話題の『無能』編入生
新年明けましておめでとう御座います。
今回一転して『自分が書きたかったもの』を掲載させていただきます。長編になるか短編になるかは分かりませんが、少しでもお楽しみ頂ければ幸いです。
真っ直ぐに続いている廊下を一人の少年が歩いていると、会話をしながら歩いている女子とすれ違う際に女子の腕と少年の胸がぶつかった。
「きゃっ!」
「おっと…」
少年は避けるように身を翻したのだが壁際を歩いていたことが失敗だった。避けるためのスペースは精々三十センチほど。余所見をし、ふらつきながら歩く女子を避けるには不十分だったのだ。
「……失礼しました、怪我などは…」
ぶつかった女子を気遣うように声をかけ、手を差し伸べようとしたが、それを遮るように友人であろう一緒に歩いていた女子が少年の手を叩いた。
叩かれた少年の手はベクトルを変えて宙へと浮いた。
行き場の失った手を一瞬視線で追い、どうしようかと考えつつも、少年は自分の手を叩いた女子とぶつかった女子へと再び視線を戻した。
「紫亜に何をしようとしたの!」
手を叩いた女子は警戒を露わにした表情で鋭く少年を威嚇しながらも、紫亜と呼ばれた少女を少年から遠ざけようと、徐々に合間を取っていた。

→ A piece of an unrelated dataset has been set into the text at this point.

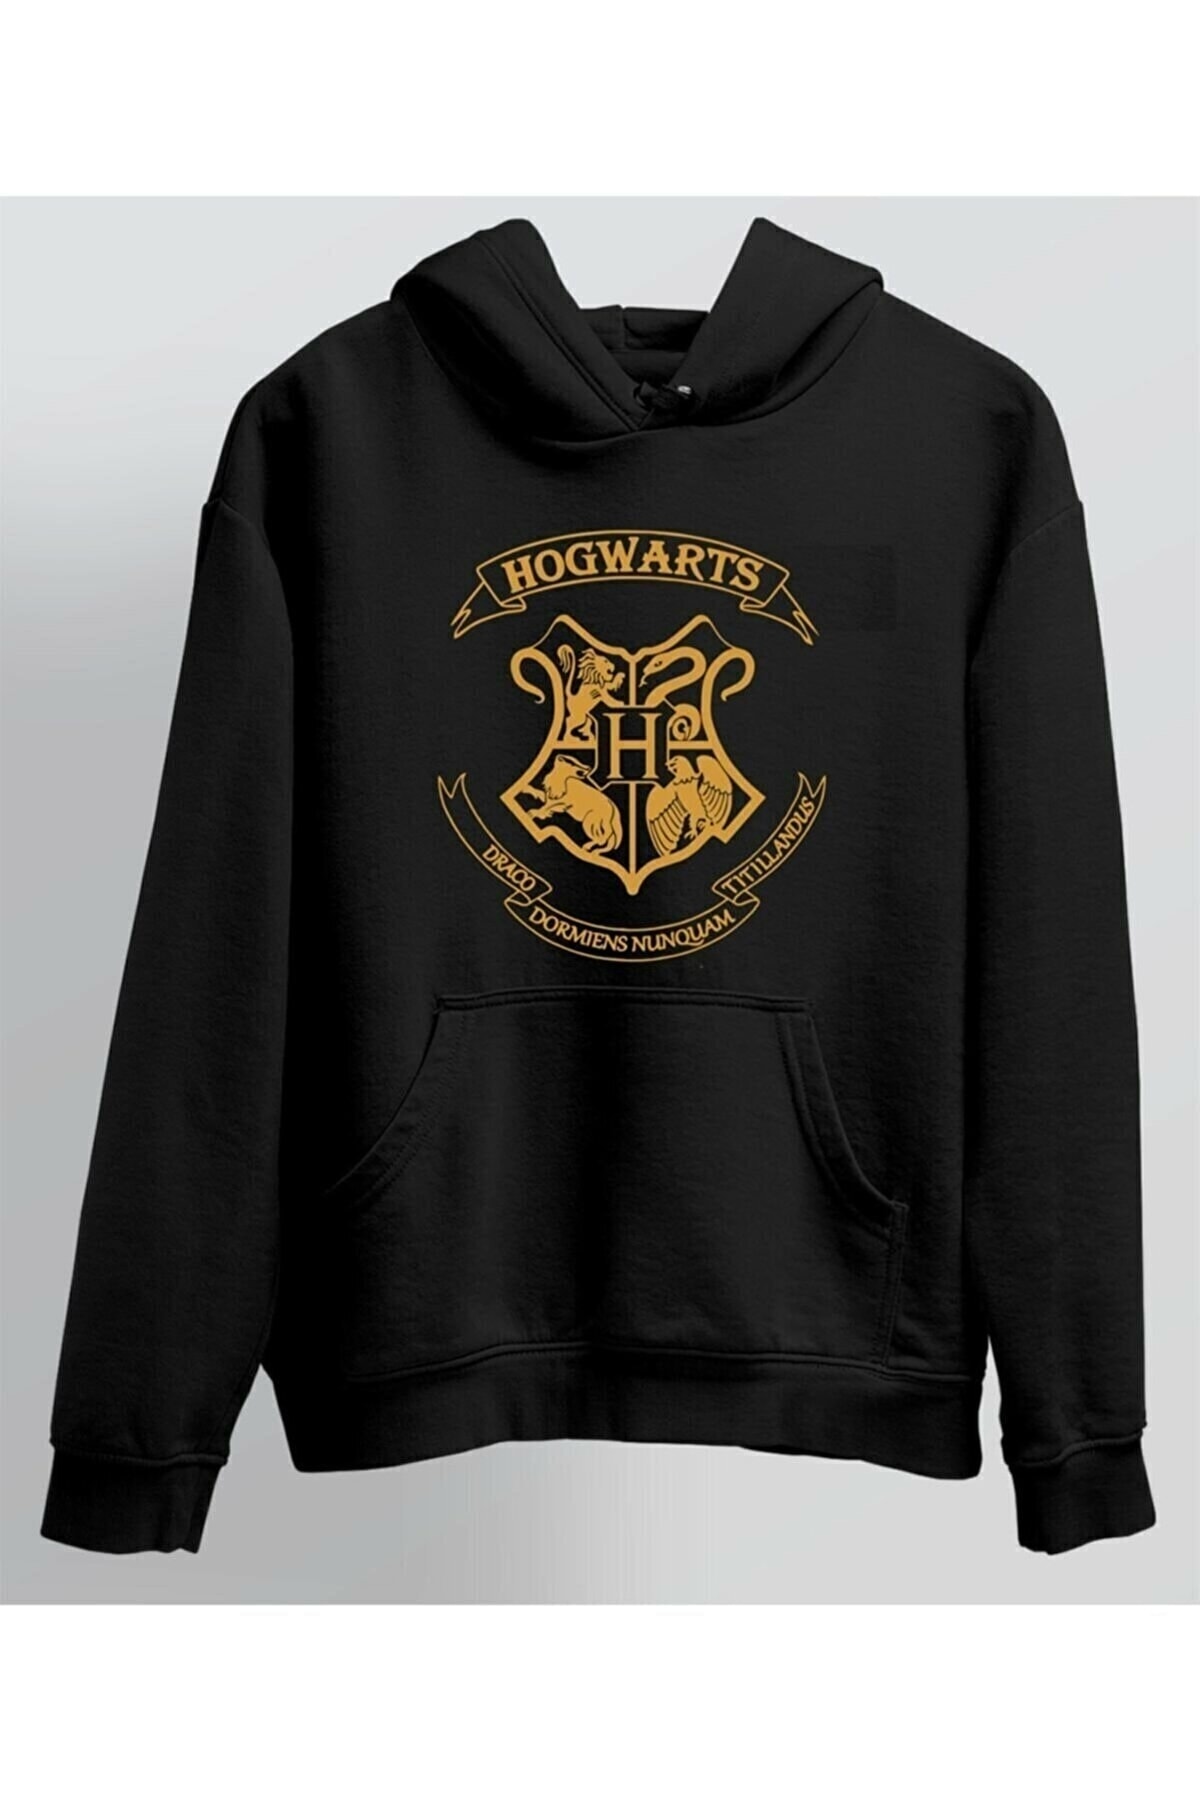 WildPhire Boutique Hogwarts Harry Potter Kapüşonlu Hoodie Sweatshirt Adv-hogwarts-001 BY11210

「いえ…自分の所為で何かあっては申し訳ないと思いまして…」
「……か、可怜ちゃん…」
怯えた様子で、紫亜であろう女子は、素早く可怜の背に隠れてしまった。
怯えている紫亜女子を優しい手つきで宥めながらも、可怜女子は少年を睨んでいた。
「あんた、確か五組に転入してきた五十嵐要…だったわよね?」
「…そのとおり、ですが?」
その答えと同時に可怜女子は更に険しい表情で要を睨んだ。
対して要は諦めにも似た溜め息を吐きながら顔を押さえた。
同年代に睨まれるような事を彼は一切していないのだが、如何せん彼の持つ事情がここ・大和国立天領学園での彼の立場を最悪の状態にしているのだ。

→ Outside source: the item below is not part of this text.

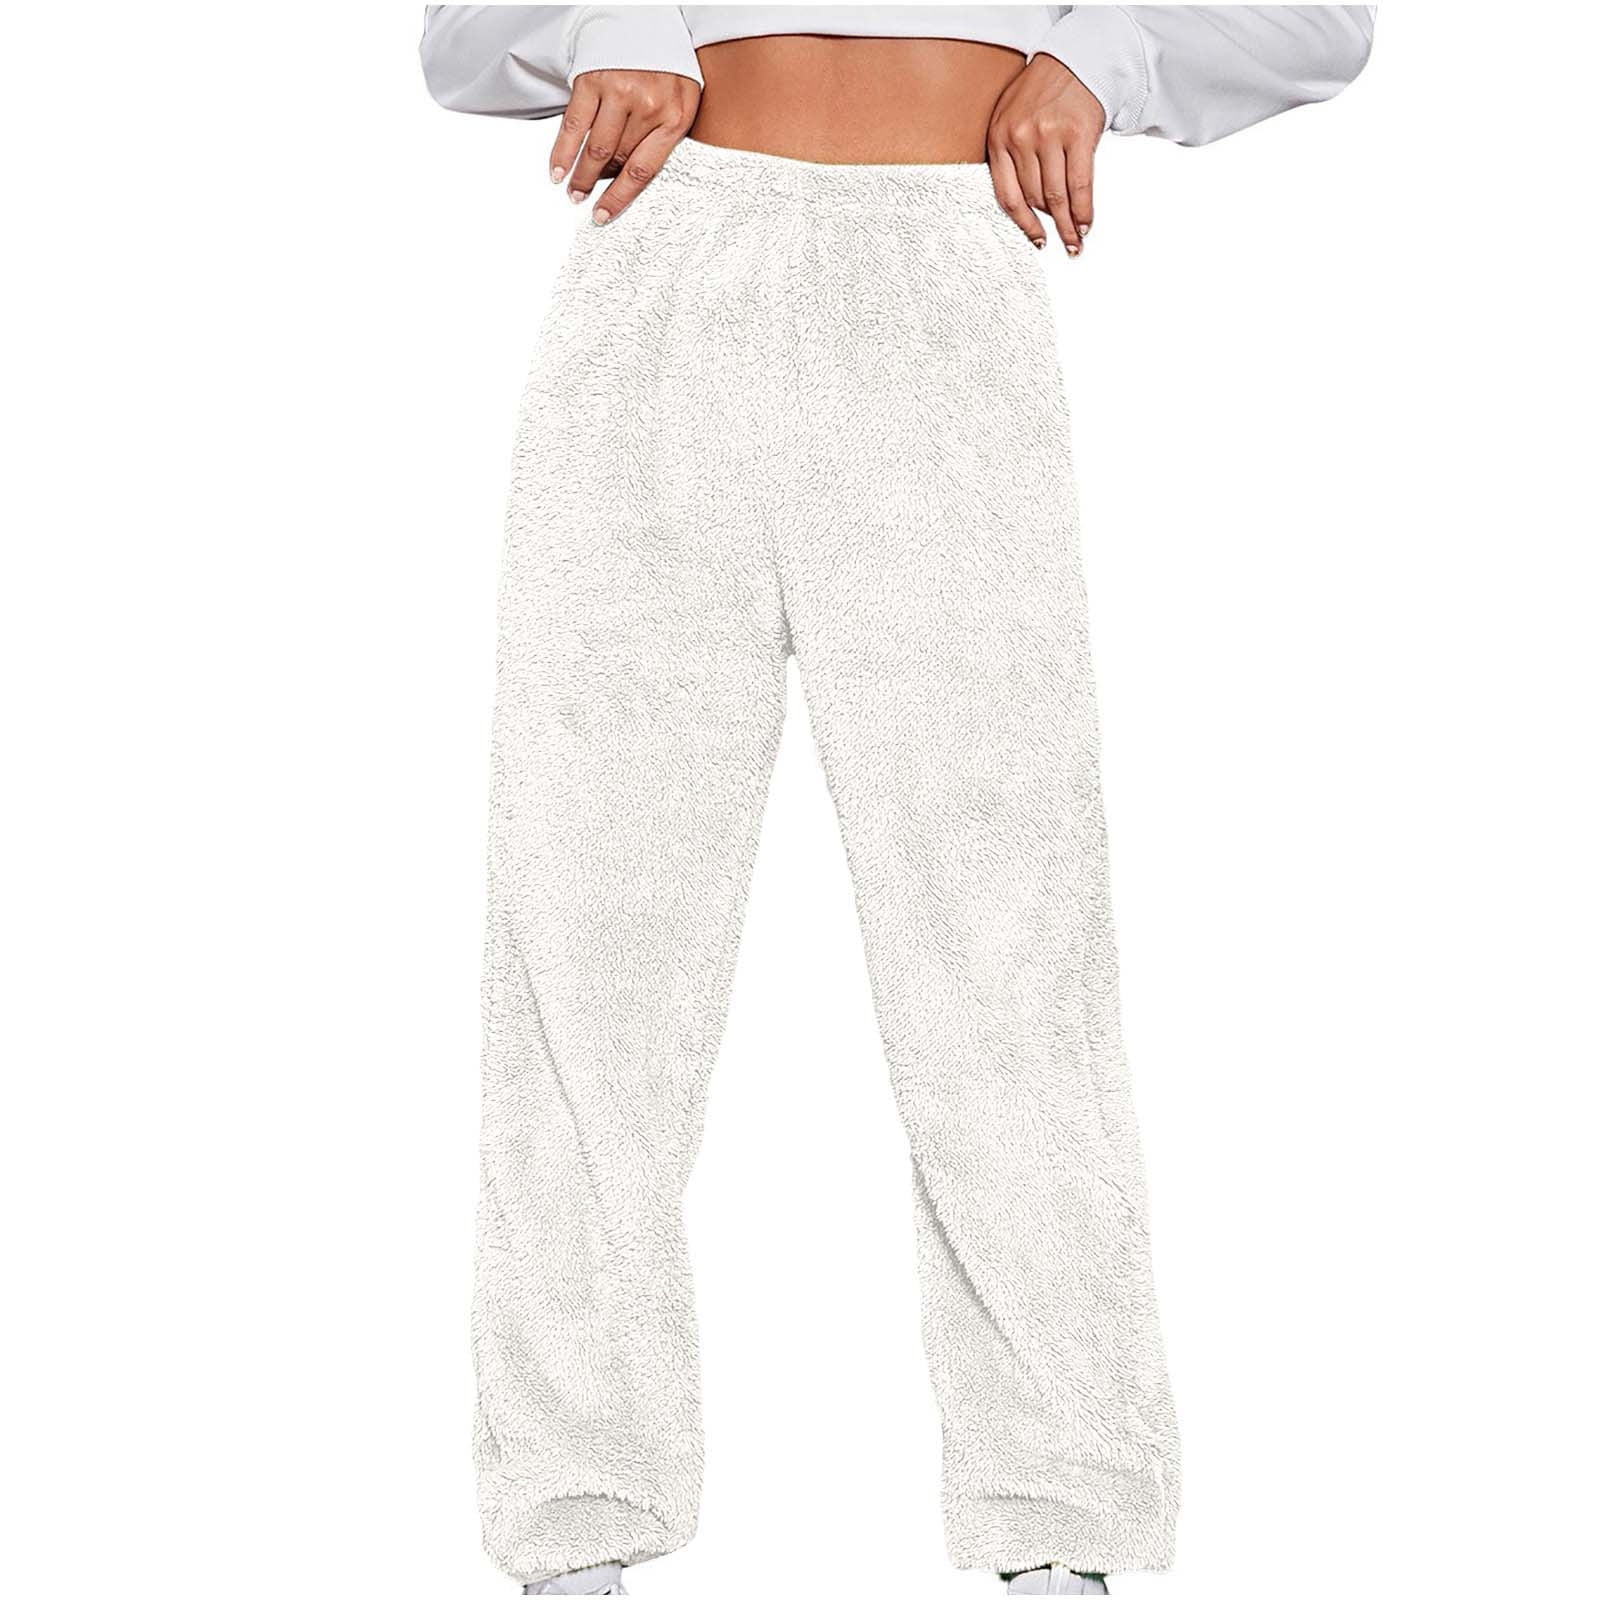 Hfyihgf Womens Fuzzy Fleece Pants Winter Warm Thicken Jogger Athletic  Sweatpants for Ladies Comfy Soft Plush Pajama Pants Plus Size(White,XL)

「だったら話は早いわ。あんたみたいなのがこの学園に居ること自体可笑しなことなのに、何を平然としてその面をぶら下げて廊下を歩いているのかしら?」
「…その理屈だとアンジェを含む清掃業者の方々や警備の方々も学園散策をしていることを否定する事になりますが……」
「ぐっ!?」
要が悪気を一切持たずに反論すると、可怜は失言に気付いたように呻いた。
同時に可怜の反応を見た要は相手を怒らせるような発言をしてしまったことに後悔をし、弁明しようと口を開こうとすると、先に可怜が声を上げた。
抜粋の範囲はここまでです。